R: Finding the nearest genomic tuple/range neighbor
nearest-methods
R Documentation
Finding the nearest genomic tuple/range neighbor
Description
The nearest, precede, follow, distance
and distanceToNearest methods for GTuples
objects and subclasses.
NOTE: These methods treat the tuples as if they were ranges, with
ranges given by [pos_{1}, pos_{m}] and where m is the
size,GTuples-method of the tuples. This is done via inheritance
so that a GTuples object is treated as a
GRanges and the appropriate method is dispatched
upon.
The subject GTuples instance
within which the nearest neighbors are found. Can be missing,
in which case x is also the subject.
y
For the distance method, a GTuples or GRanges
instance. Cannot be missing. If x and y are not the same
length, the shortest will be recycled to match the length of the longest.
select
Logic for handling ties. By default, all methods
select a single tuple/range (arbitrary for nearest,
the first by order in subject for precede, and the
last for follow).
When select = "all" a Hits object is returned with
all matches for x. If x does not have a match in
subject the x is not included in the Hits
object.
ignore.strand
A logical indicating if the strand of the input tuples/ranges
should be ignored. When TRUE, strand is set to '+'.
...
Additional arguments for methods.
Details
nearest:
Performs conventional nearest neighbor finding.

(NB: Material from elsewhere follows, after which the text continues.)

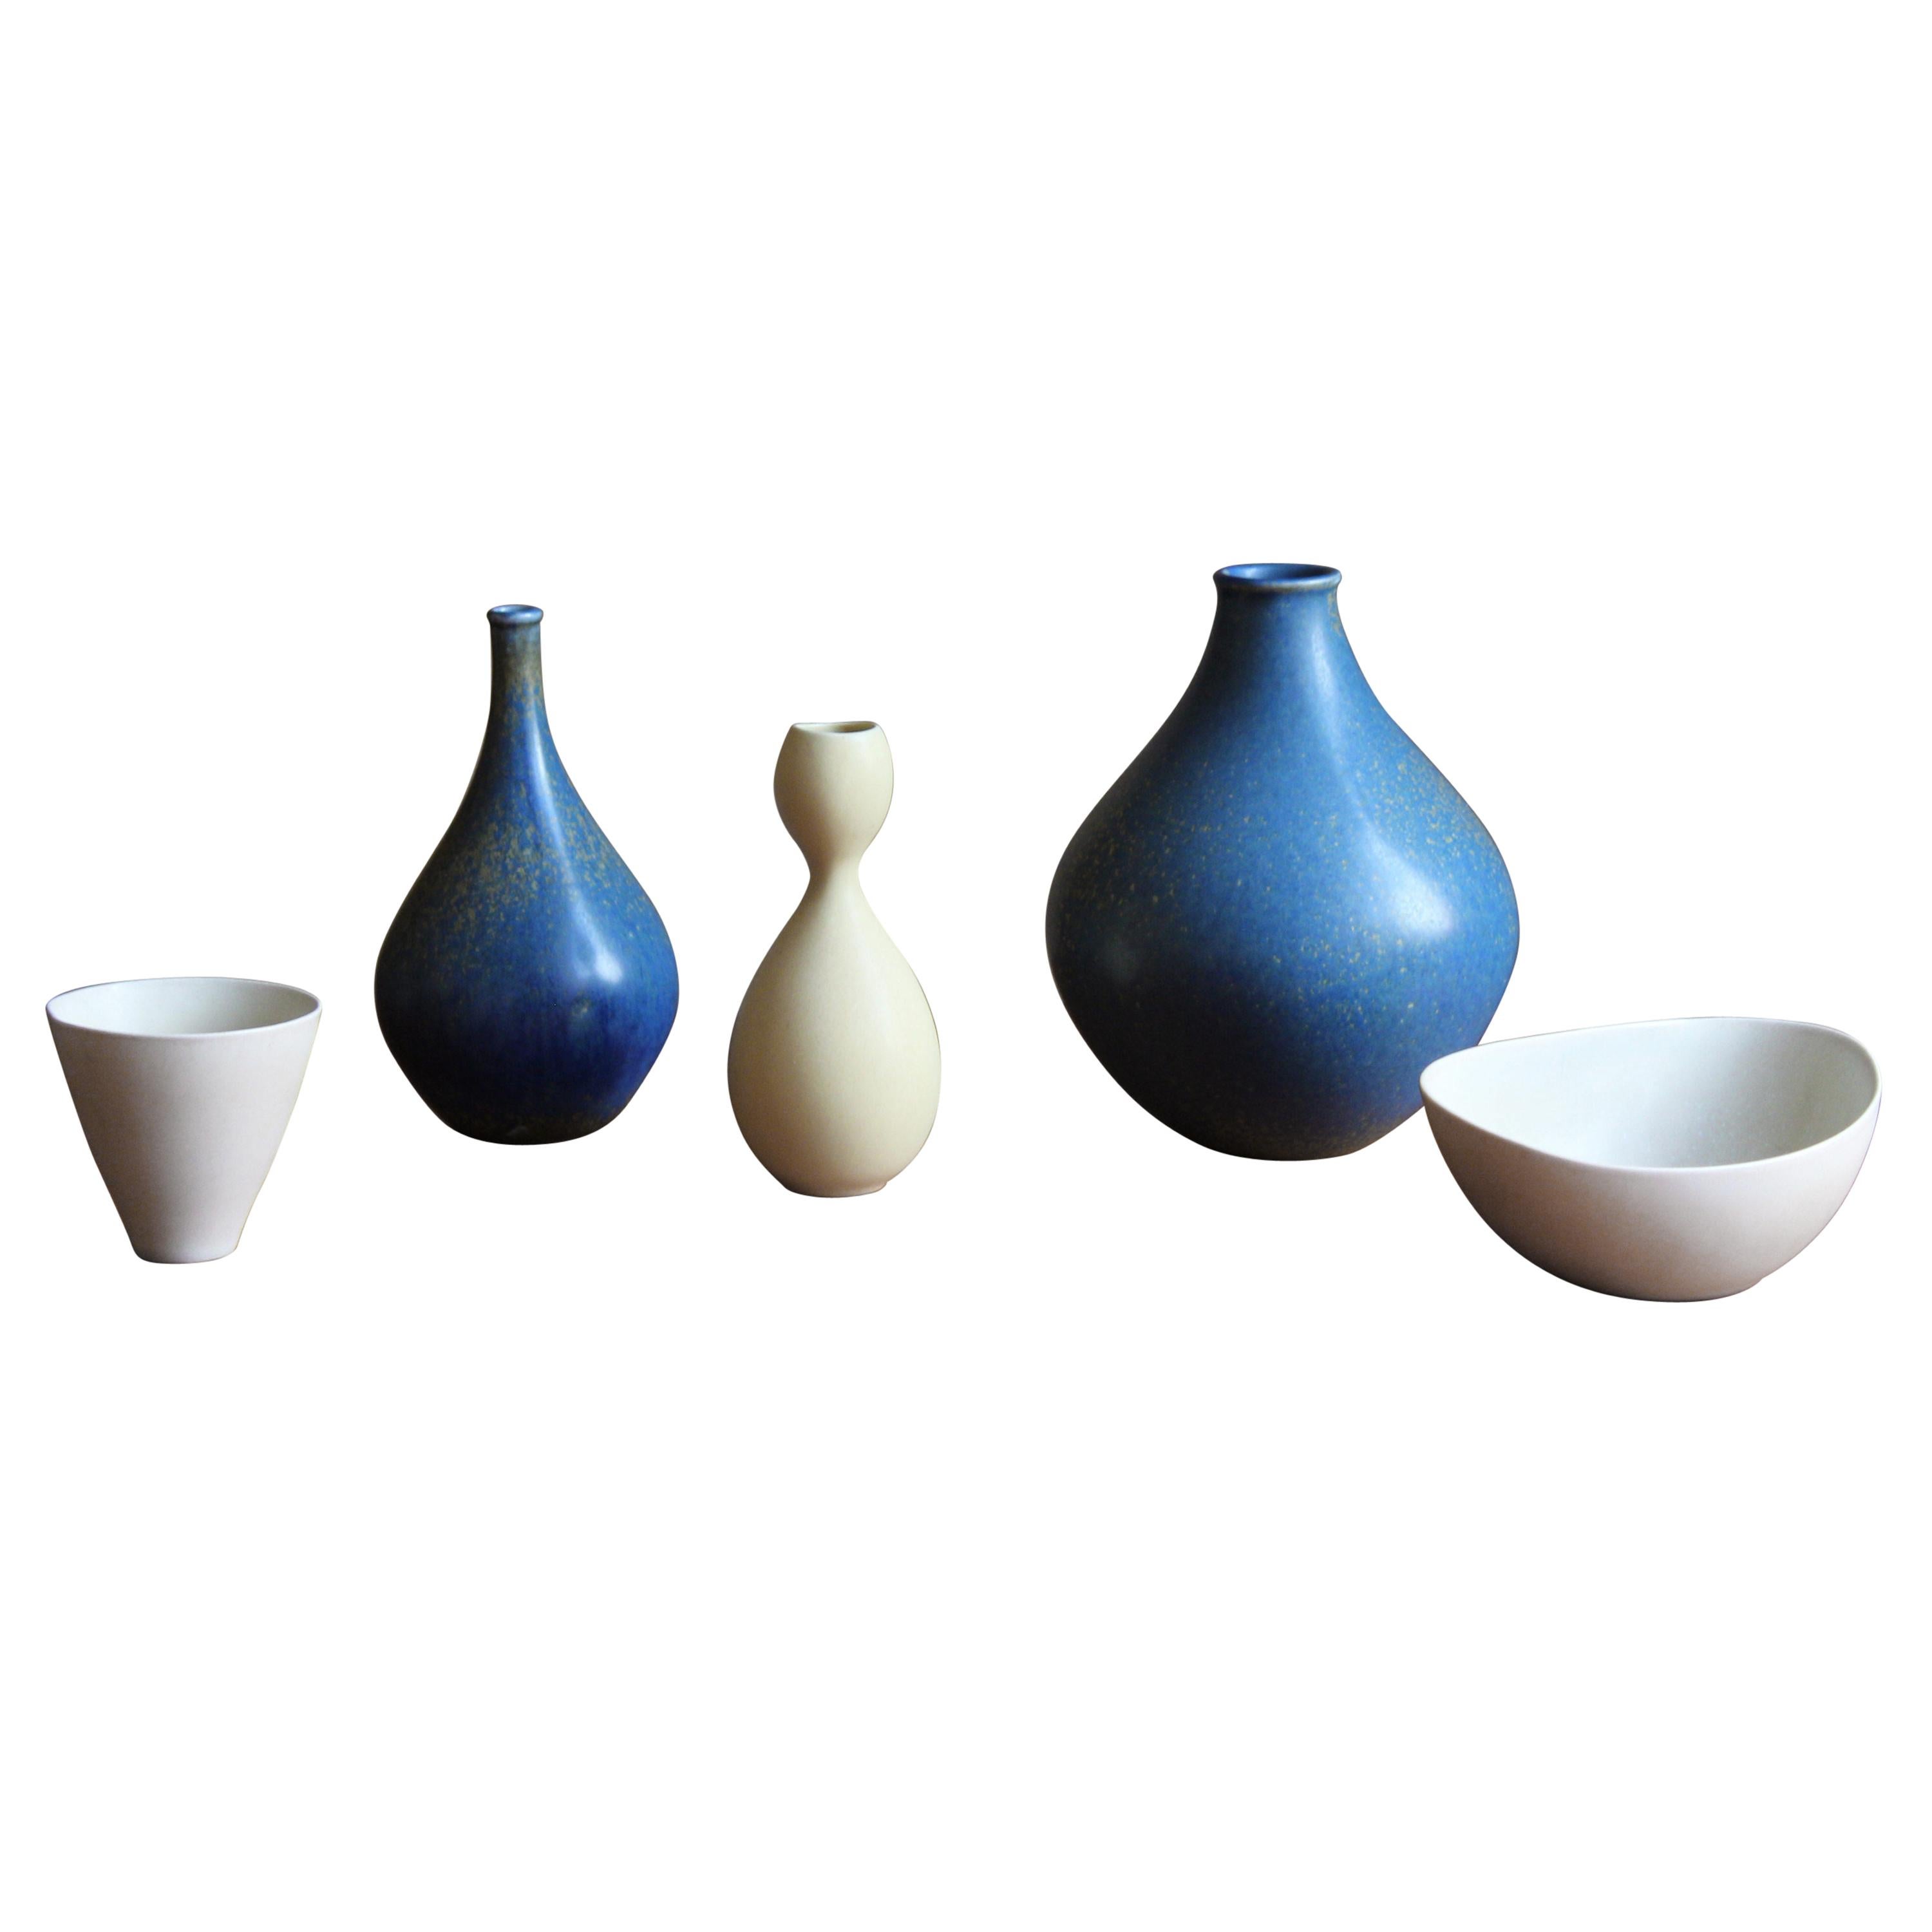 Stig Lindberg, Organic Vases, Stoneware, Gustavsberg, Sweden, 1950s

Returns an integer vector containing the index of the nearest neighbor
tuple/range in subject for each range in x. If there is no
nearest neighbor NA is returned. For details of the algorithm
see the man page in IRanges, ?nearest.
precede:
For each range in x, precede returns
the index of the tuple/range in subject that is directly
preceded by the tuple/range in x. Overlapping tuples/ranges are
excluded. NA is returned when there are no qualifying
tuples/ranges in subject.
follow:
The opposite of precede, follow returns
the index of the tuple/range in subject that is directly followed
by the tuple/range in x. Overlapping tuples/ranges are excluded.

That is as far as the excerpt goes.